What to work on: Could you output each line below exactly as it appears, excluding any pictures?

Provided data:

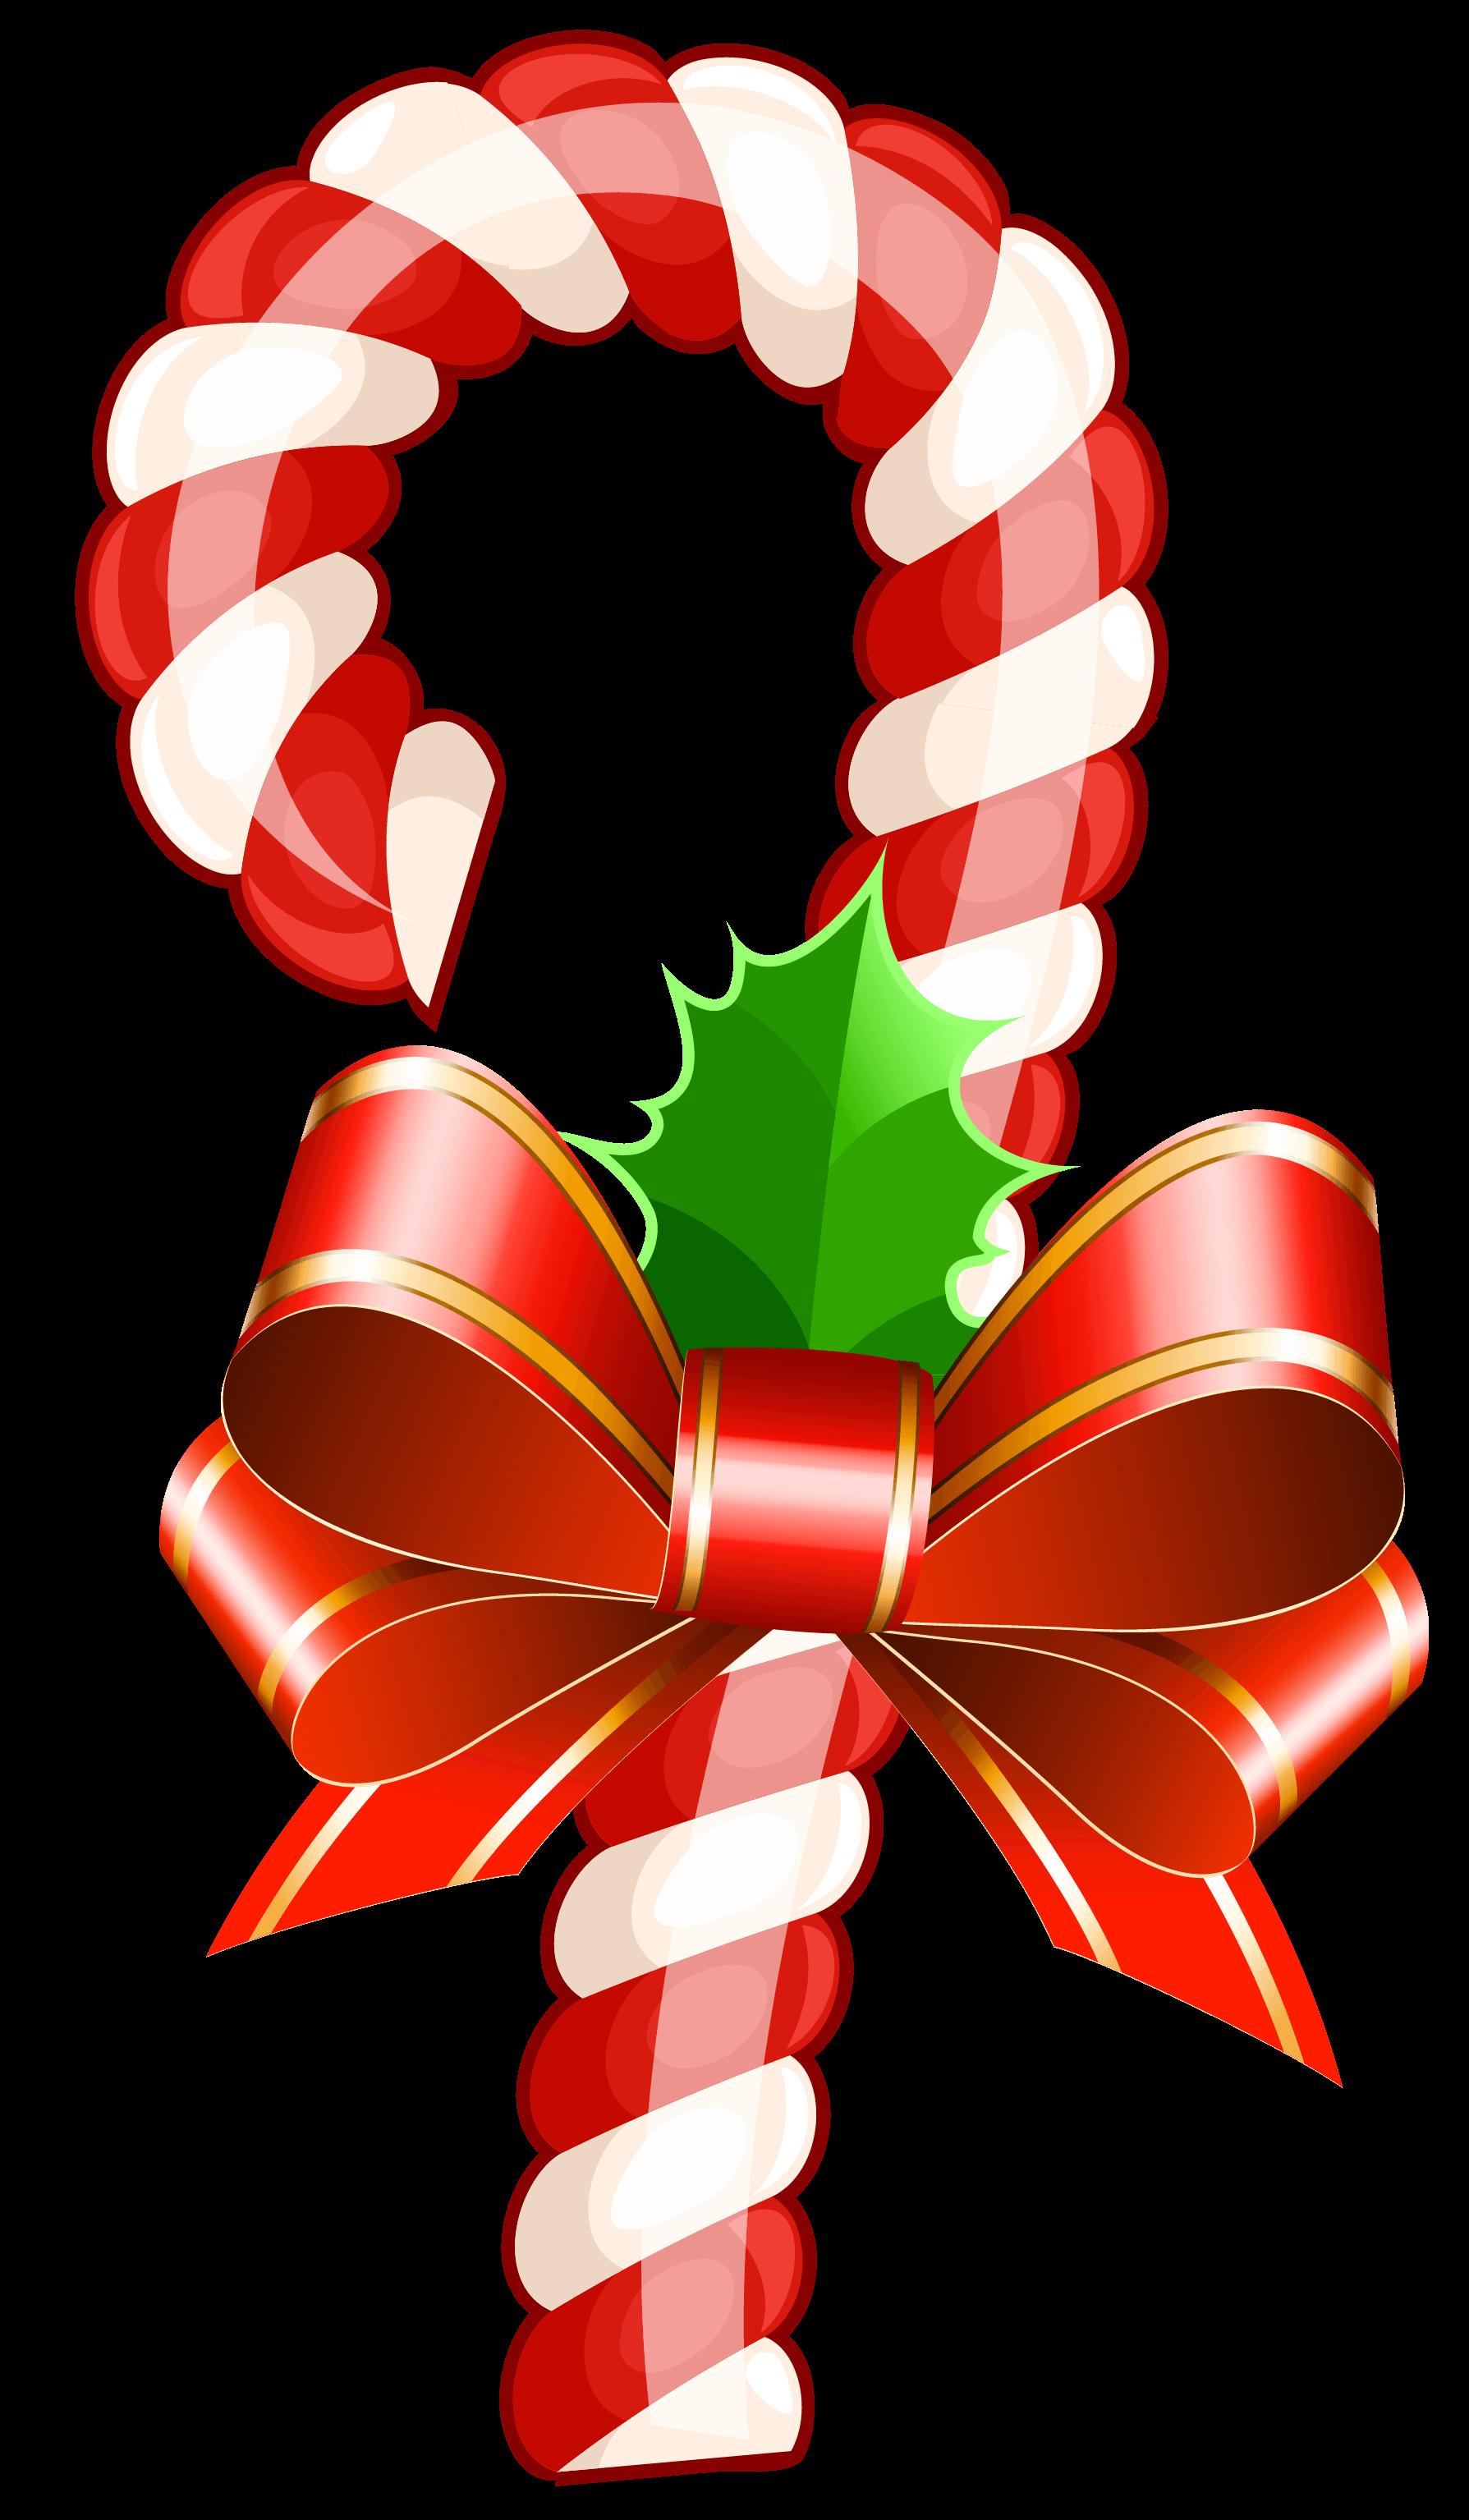 Jokingart com . Lollipop clipart holiday candy
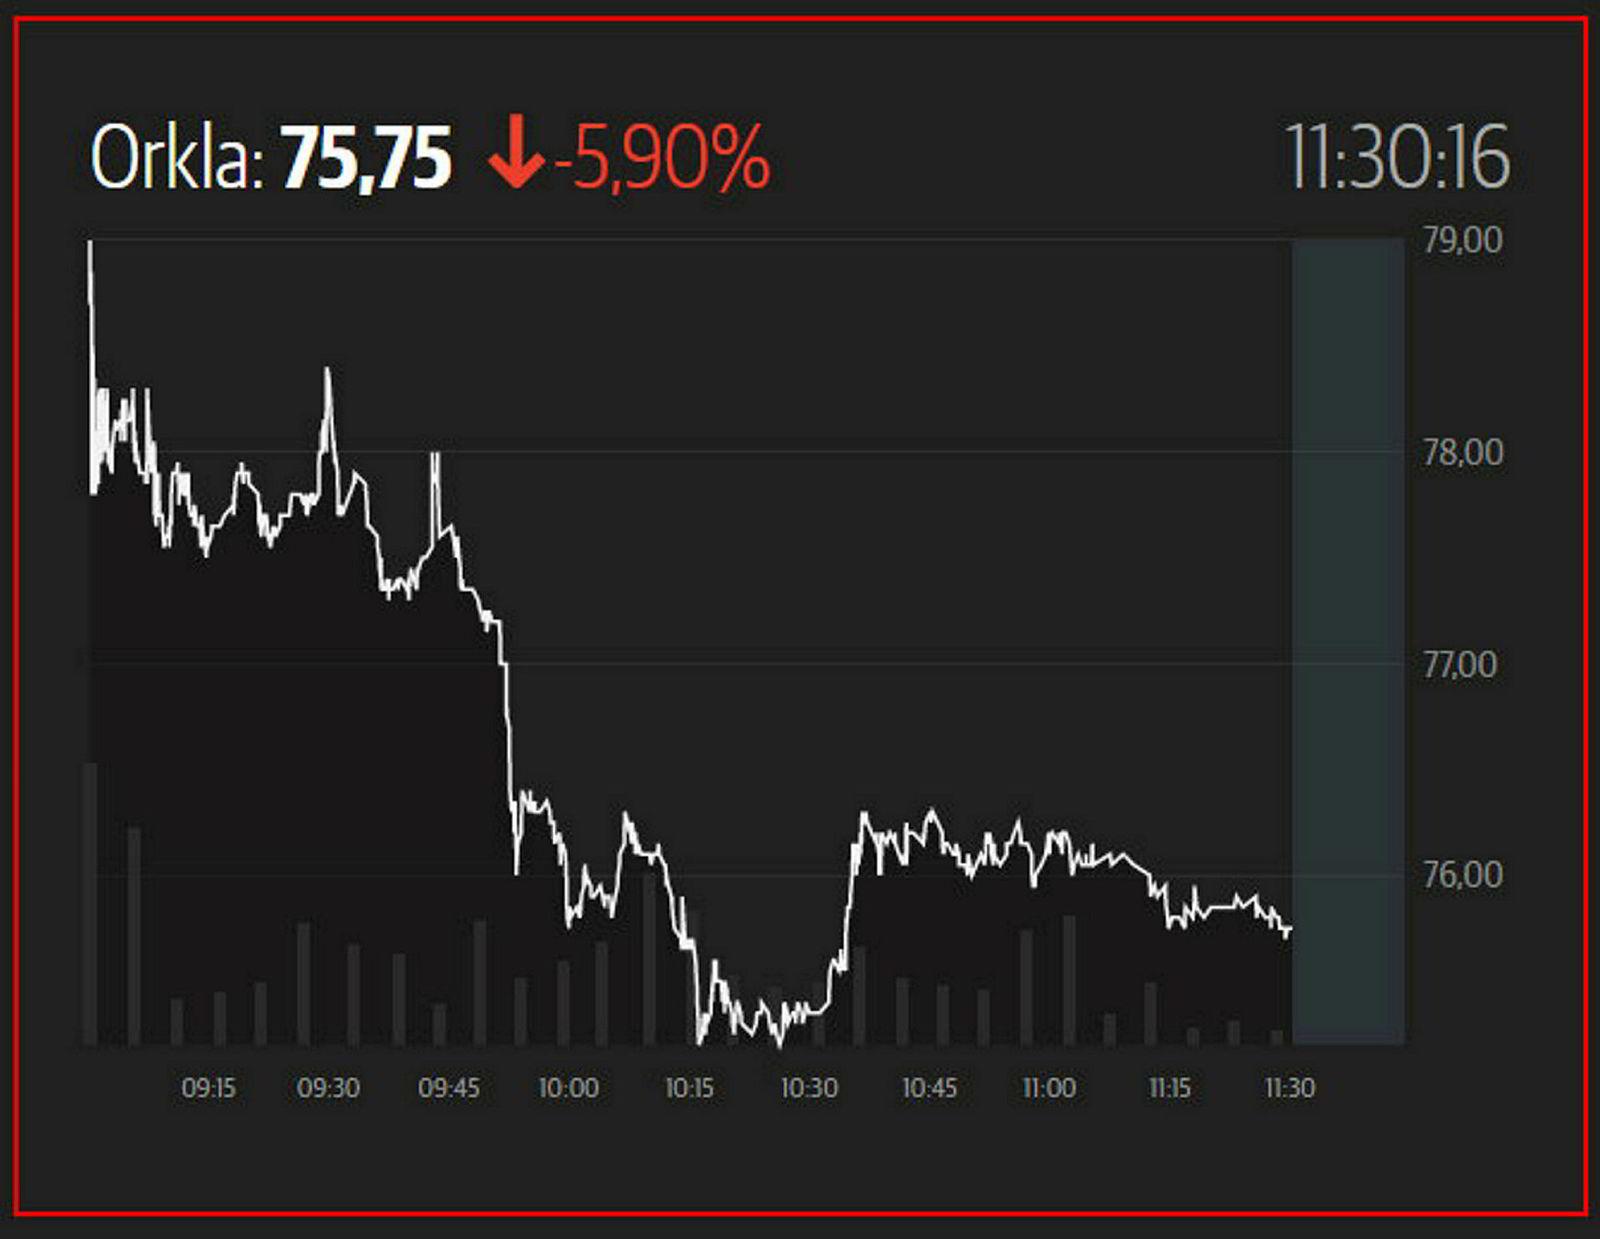 Orklas børsutvikling torsdag. Aksjen faller etter resultatfremleggelsen.
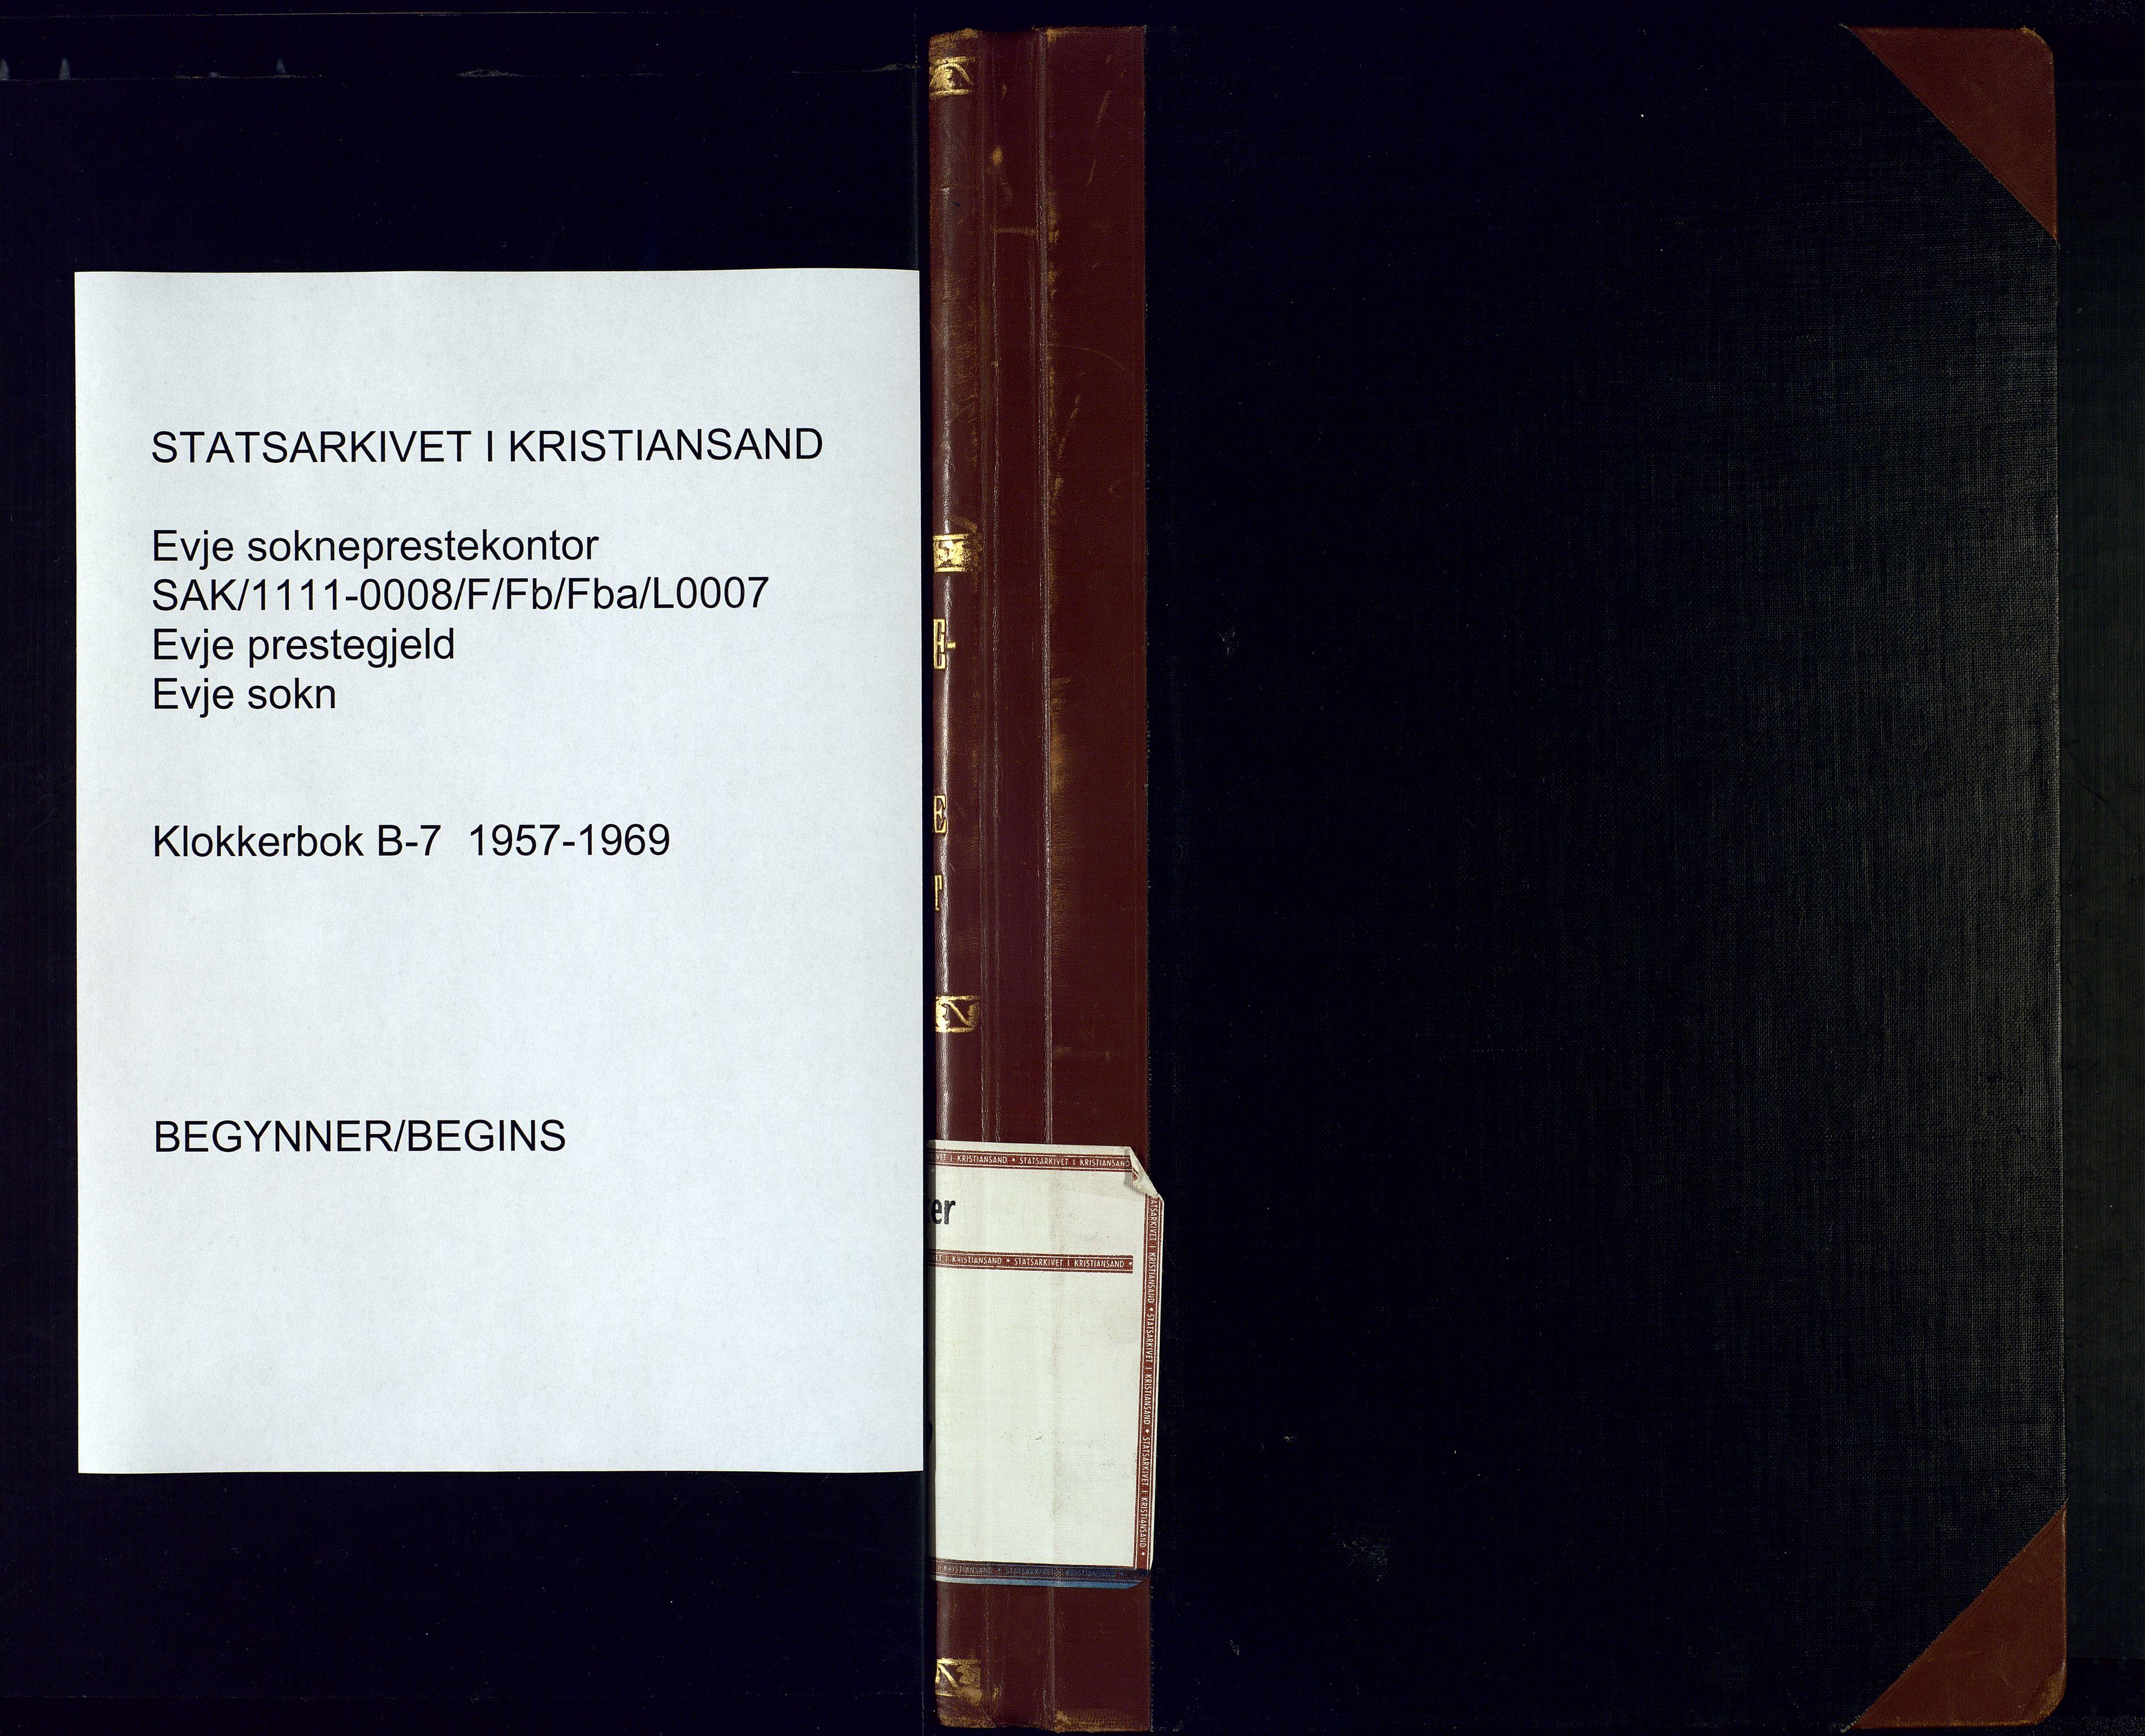 SAK, Evje sokneprestkontor, F/Fb/Fba/L0007: Klokkerbok nr. B-7, 1957-1969

Solved exercise:
 Jokingart com . Lollipop clipart holiday candy
 Orklas børsutvikling torsdag. Aksjen faller etter resultatfremleggelsen.
 SAK, Evje sokneprestkontor, F/Fb/Fba/L0007: Klokkerbok nr. B-7, 1957-1969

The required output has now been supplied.